_Work item_. Any picture in the range stays out of the copy; retype exactly the lines from the one with "La ministra del" to the end of the listing.

_Available data_.
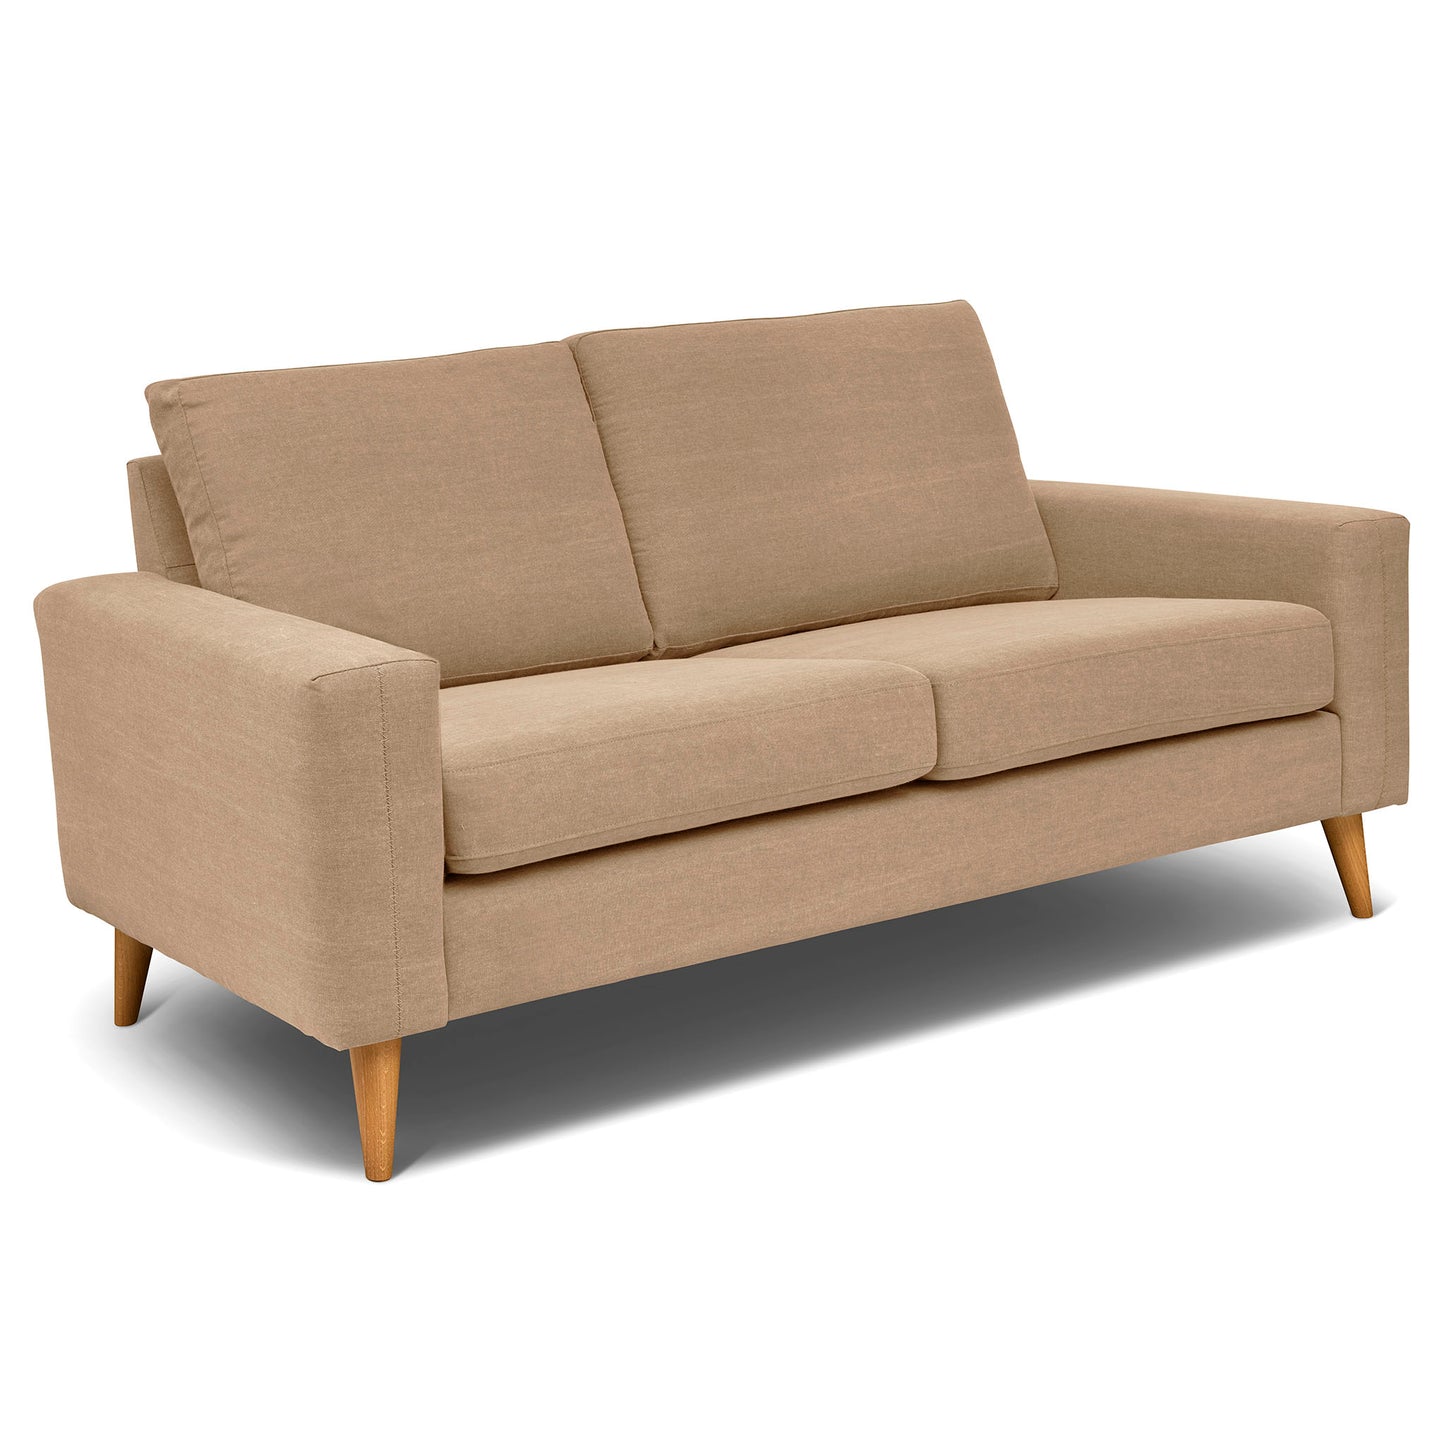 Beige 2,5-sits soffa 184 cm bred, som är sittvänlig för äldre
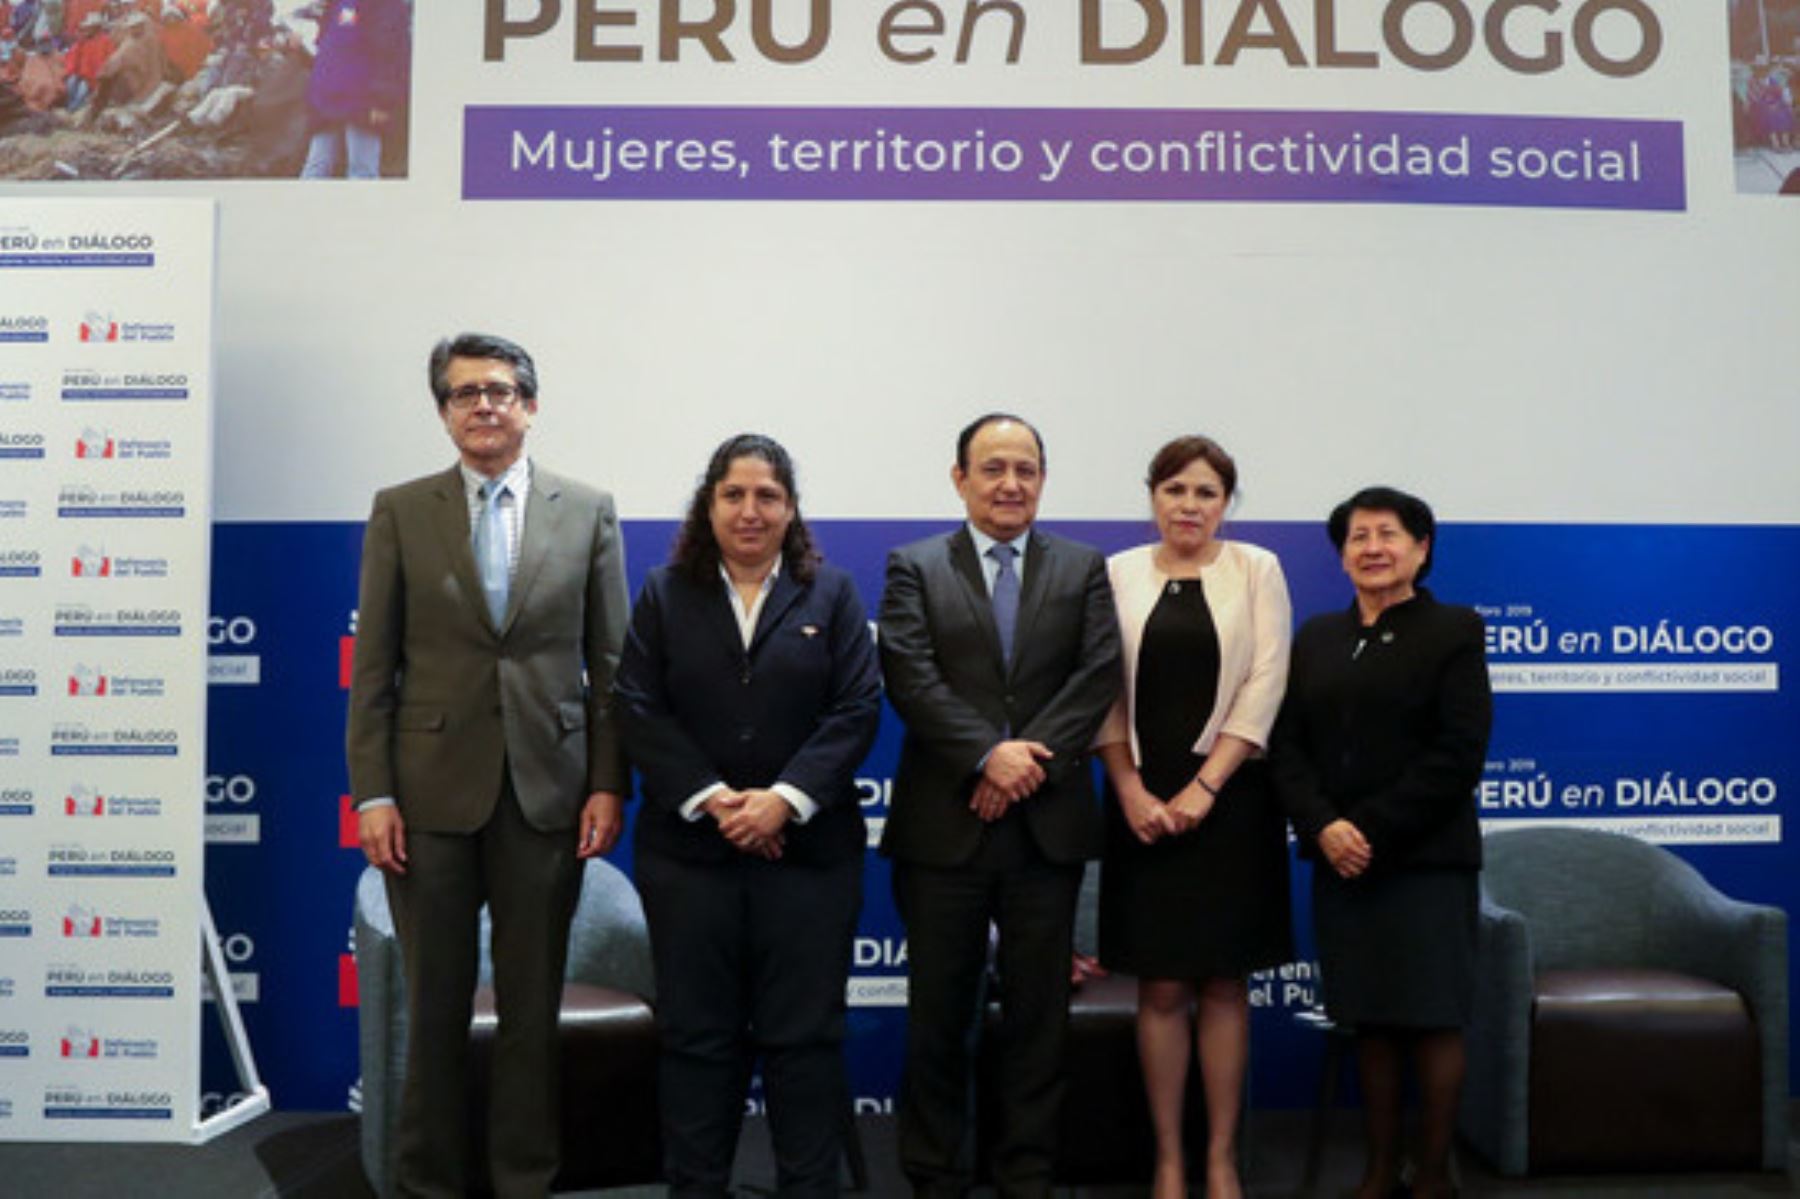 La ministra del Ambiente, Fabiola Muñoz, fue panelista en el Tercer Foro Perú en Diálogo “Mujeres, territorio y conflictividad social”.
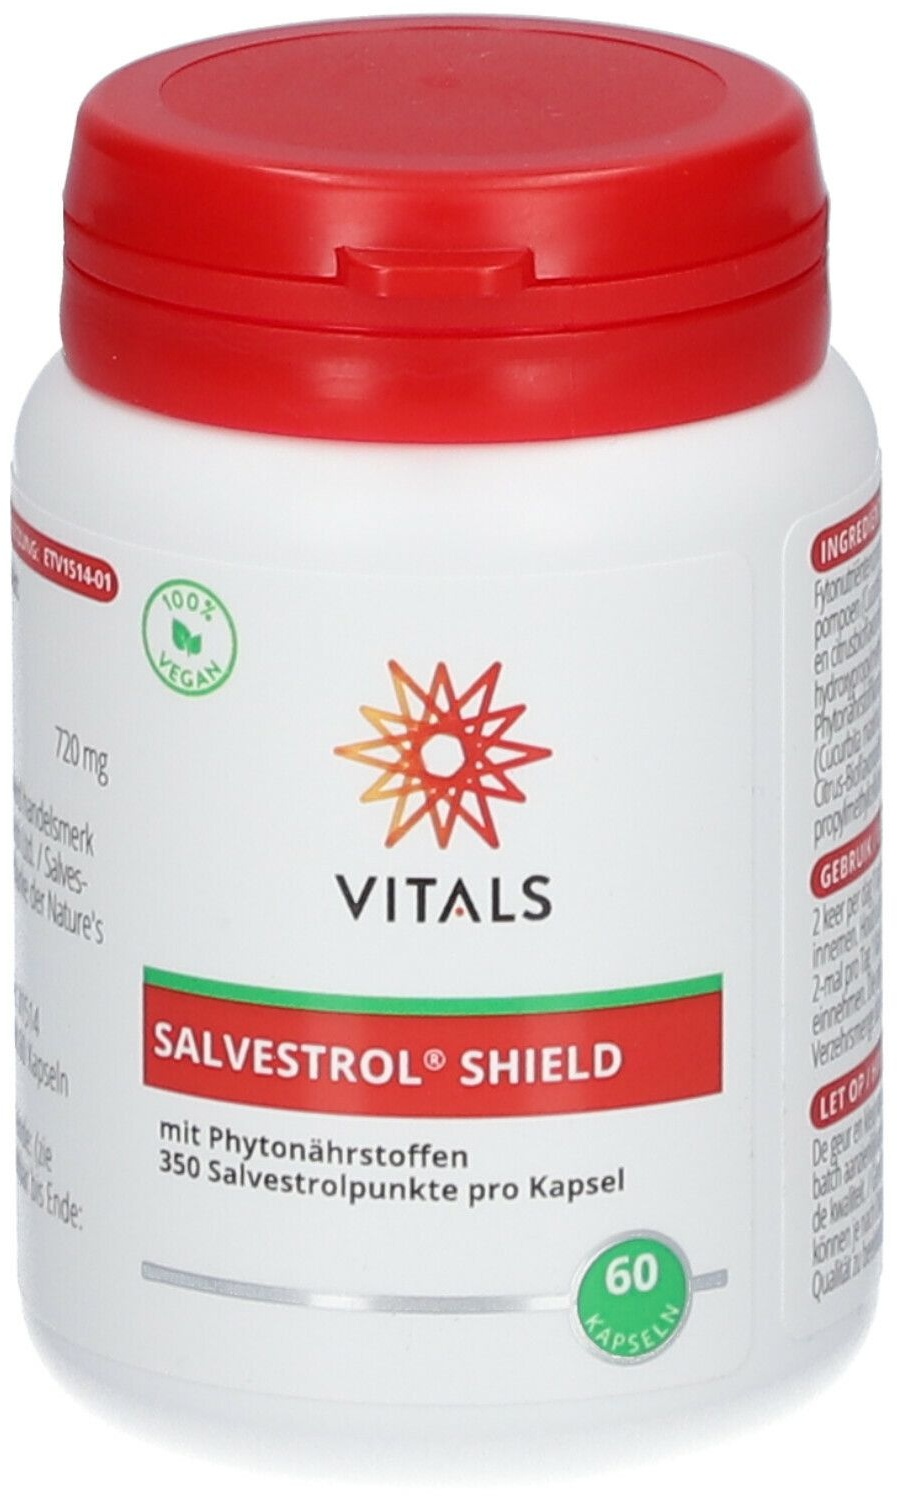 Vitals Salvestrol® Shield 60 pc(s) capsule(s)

_Solution_.
 La ministra del Ambiente, Fabiola Muñoz, fue panelista en el Tercer Foro Perú en Diálogo “Mujeres, territorio y conflictividad social”.
 Vitals Salvestrol® Shield 60 pc(s) capsule(s)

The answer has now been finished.